Posted: Sat Dec 30, 2023 12:28 pm
by Oso
highend wrote: Sat Dec 30, 2023 11:58 am
Code: Select all
Result (function 1): 6481 [92.197 ms]
Result (function 2): 6481 [106.495 ms]
Result (function 3): 6481 [133.019 ms]
Result (function 4): 6481 [42.623 ms]
Result (function 5): 6481 [45.636 ms]
Very useful to see these comparisons. I'm surprised at the disparity in time between (3) and (4/5) because there isn't much difference in the loop logic. It probably demonstrates that checking for a non-zero \c unicode character (3) is notably slower than comparing the two pointers (4/5). I think it ought to be quicker though, and perhaps worth another test.
I suppose that in (2) the Len() check inside the For/Next loop perhaps doesn't matter in this case, from a performance point of view, because it's only the start counter, rather than the target, which therefore doesn't need to be checked on every loop iteration.
Have you tried compiling in C with optimisation? I've recently been performance testing with optimisation and it just blows everything away.
Anyway, interesting to see this and it really shows that whatever is best for the requirement, is usually the right choice. I would use (2) for an end-user application, similar to Marc56us's, because ease of maintenance by others is necessary and speed is not so important. Personally, I would be very unlikely to use Regex.
Re: Get only trailing numbers from a string?
Posted: Sat Dec 30, 2023 12:38 pm
by highend
I've used v6.04 LTS for the tests.
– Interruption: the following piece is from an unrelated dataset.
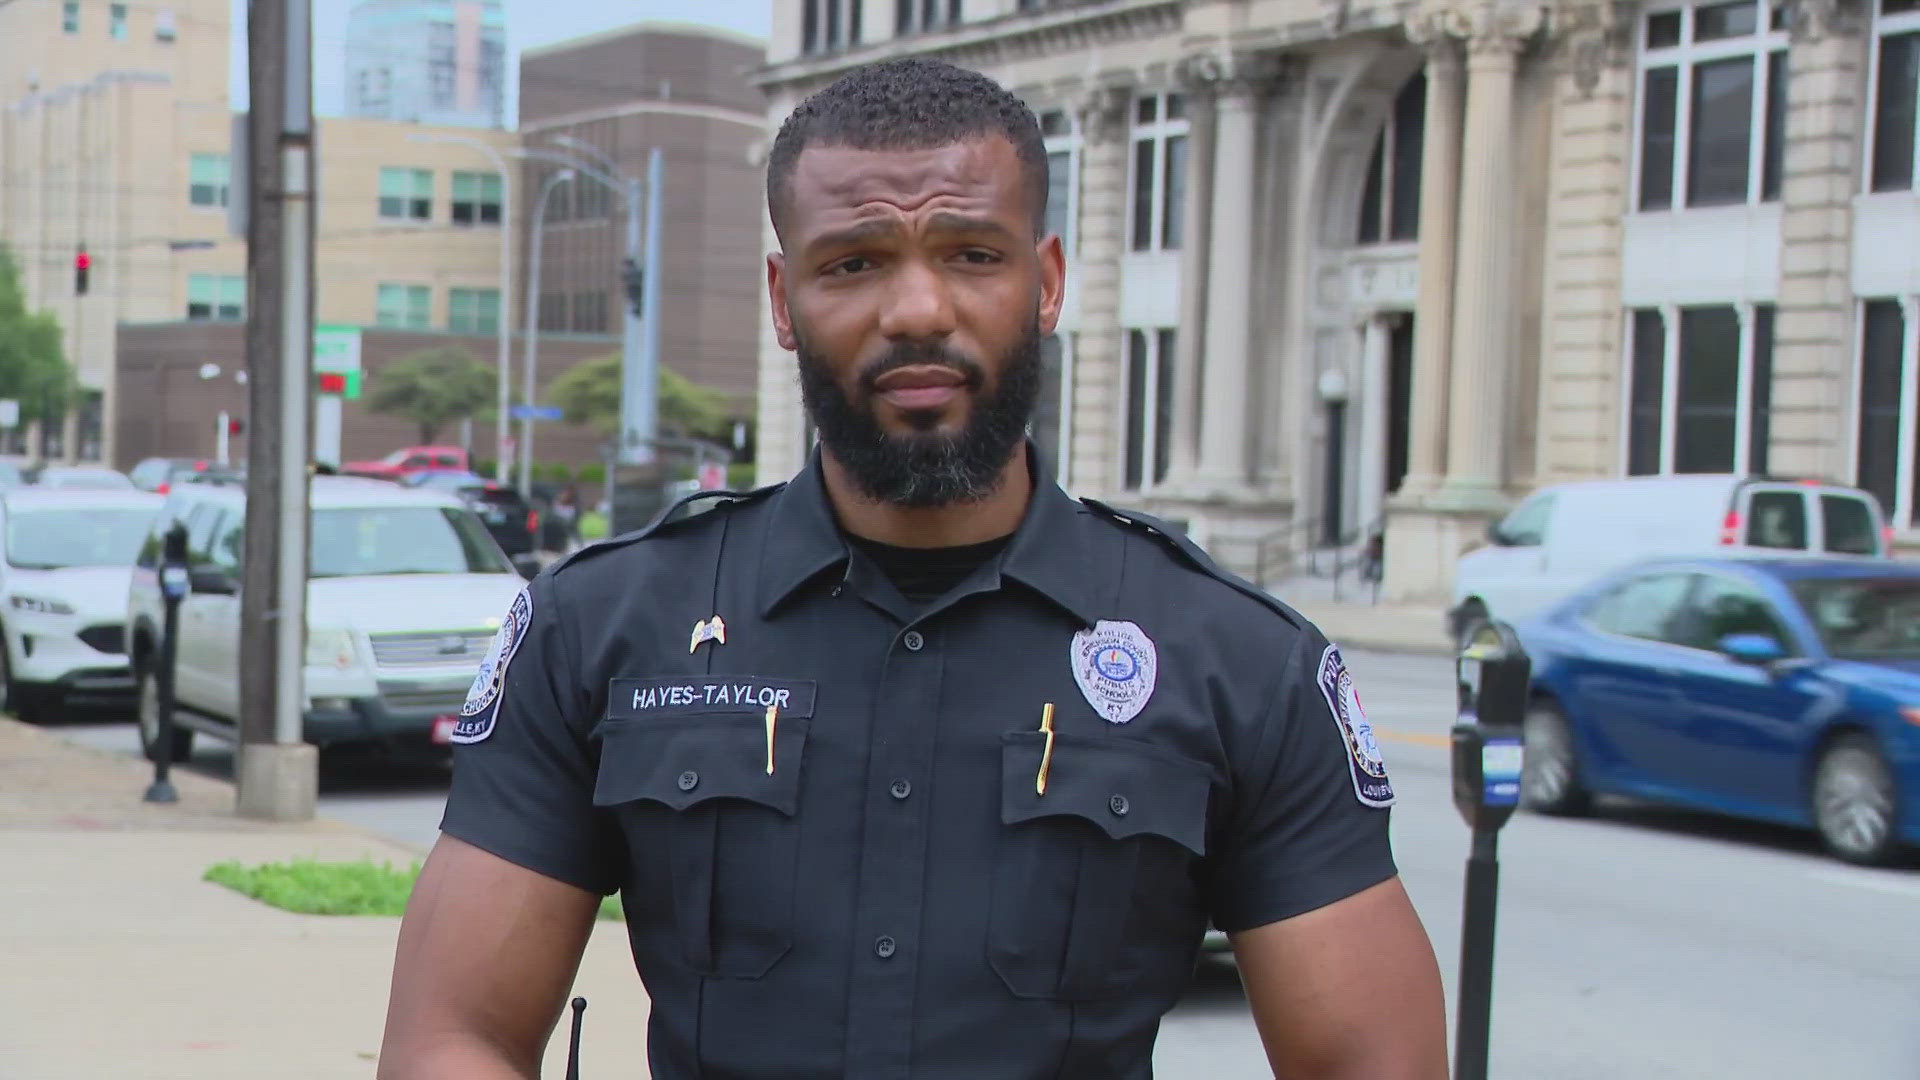 Before LMPD officers were able to get to the scene, Jefferson County Public Schools (JCPS) Officer Kevin Hayes-Taylor drove past the incident and sprung into action.
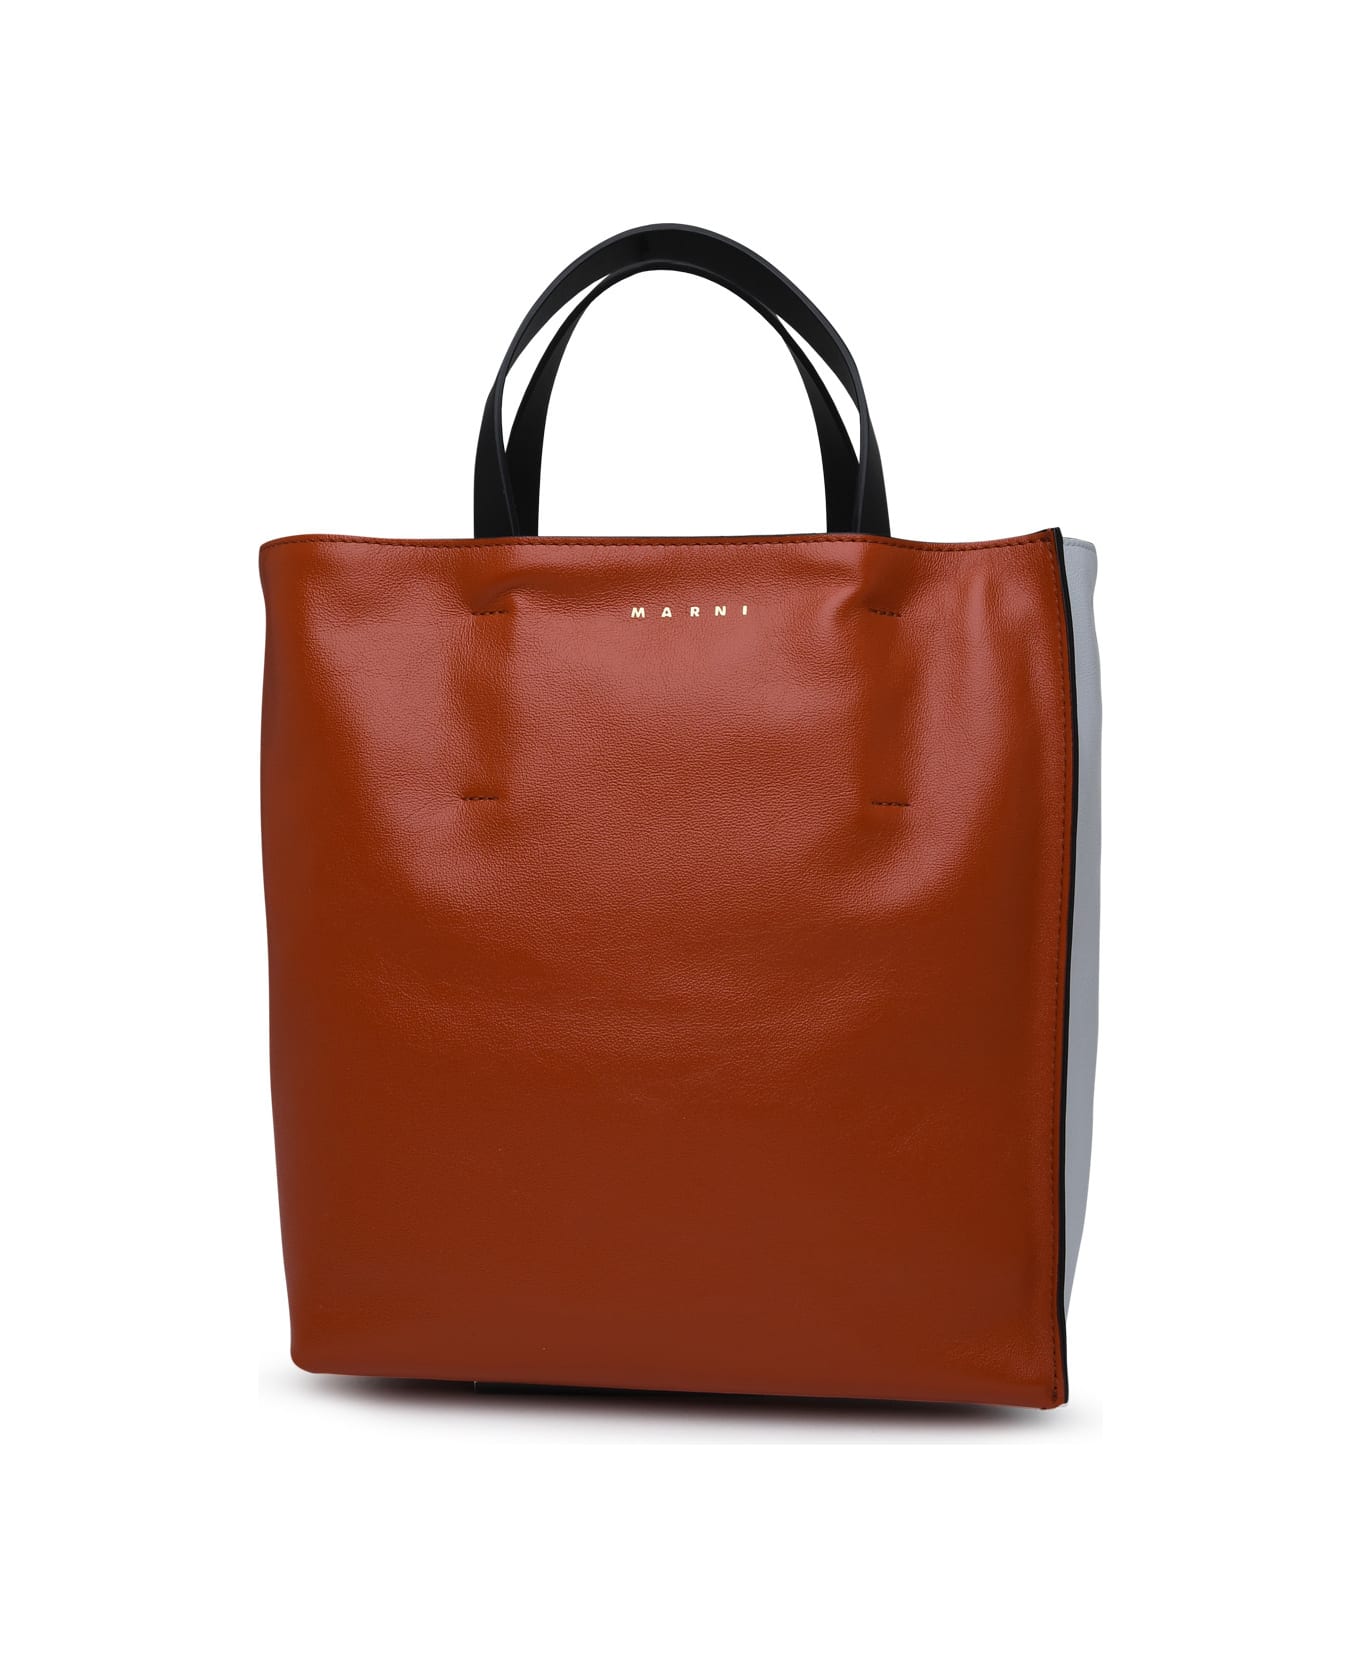 Marni Museo Bag In Black Leather - Rosso/nero トートバッグ

Normal backend, x64
Compiling it with the C-Backend [with [x] Optimize generated code] makes most functions (slightly) slower

But the second function suffers the most...
The only one that gains a little bit of speed is the regex one
Code: Select all
Result (function 1): 6481 [85.745 ms]
Result (function 2): 6481 [132.206 ms]
Result (function 3): 6481 [139.788 ms]
Result (function 4): 6481 [46.160 ms]
Result (function 5): 6481 [51.860 ms]
Re: Get only trailing numbers from a string?
Posted: Sat Dec 30, 2023 2:59 pm
by Marc56us
We don't have the same test data, nor the same machine. So I suggest you try this variant (which can be improved).
(Yes, 0 and 9 are OK now.)
Code: Select all
Procedure$ Get_Last_Number(Txt$)
Txt$ = ReverseString(Txt$)
For i = 1 To Len(Txt$)
nb = Asc(Mid(Txt$, i, 1))
If nb >= 48 And nb <= 57
nb$ + Chr(nb)
Else
ProcedureReturn ReverseString(Txt$) + " => " + ReverseString(nb$)
EndIf
Next i
EndProcedure
Debug Get_Last_Number("12Caption64")
Debug Get_Last_Number("12Caption064")
Debug Get_Last_Number("12Caption0123456789")
; 12Caption64 => 64
; 12Caption064 => 064
; 12Caption0123456789 => 0123456789
PS. Instead of using ReverseString twice, we can process the string from right to left
Re: Get only trailing numbers from a string?
Posted: Sat Dec 30, 2023 3:13 pm
by highend
@Marc56us
The slightly optimised version takes about 75ms (again with 100k loops)
Your last posted version takes about 85ms
Code: Select all
Procedure.s GetTrailingNumbersFromString6(string.s)
Protected.i i, num
Protected.s result
For i = Len(string) To 1 Step -1
num = Asc(Mid(string, i, 1))
If num >= 48 And num <= 57
result + Chr(num)
Else
ProcedureReturn ReverseString(result)
EndIf
Next
EndProcedure
Re: Get only trailing numbers from a string?
Posted: Sat Dec 30, 2023 3:32 pm
by boddhi
Marc56us wrote:
Quick and dirty sample. Basic only, no pointers, so easy to understand for beginners
More dirty? In one line:
Code: Select all
Debug ReverseString(Str(Val(ReverseString("12Caption64"))))
Inconvenience: If they are, leading "0" disappear...
Re: Get only trailing numbers from a string?
Posted: Sat Dec 30, 2023 4:25 pm
by mk-soft
I don't think numbers have more than 1000 digits
Code: Select all
Procedure.s GetNumbersFromString7(*StrPtr.Character)
Protected result.s{1024}
Protected *result.Character
*result = @result
While *StrPtr\c
Select *StrPtr\c
Case '0' To '9'
*result\c = *StrPtr\c
*result + SizeOf(Character)
Default
*result = @result
EndSelect
*StrPtr + SizeOf(Character)
Wend
*result\c = #Null
ProcedureReturn result
EndProcedure
Define.s demoText = "1234Caption64"
Debug GetNumbersFromString7(@demoText)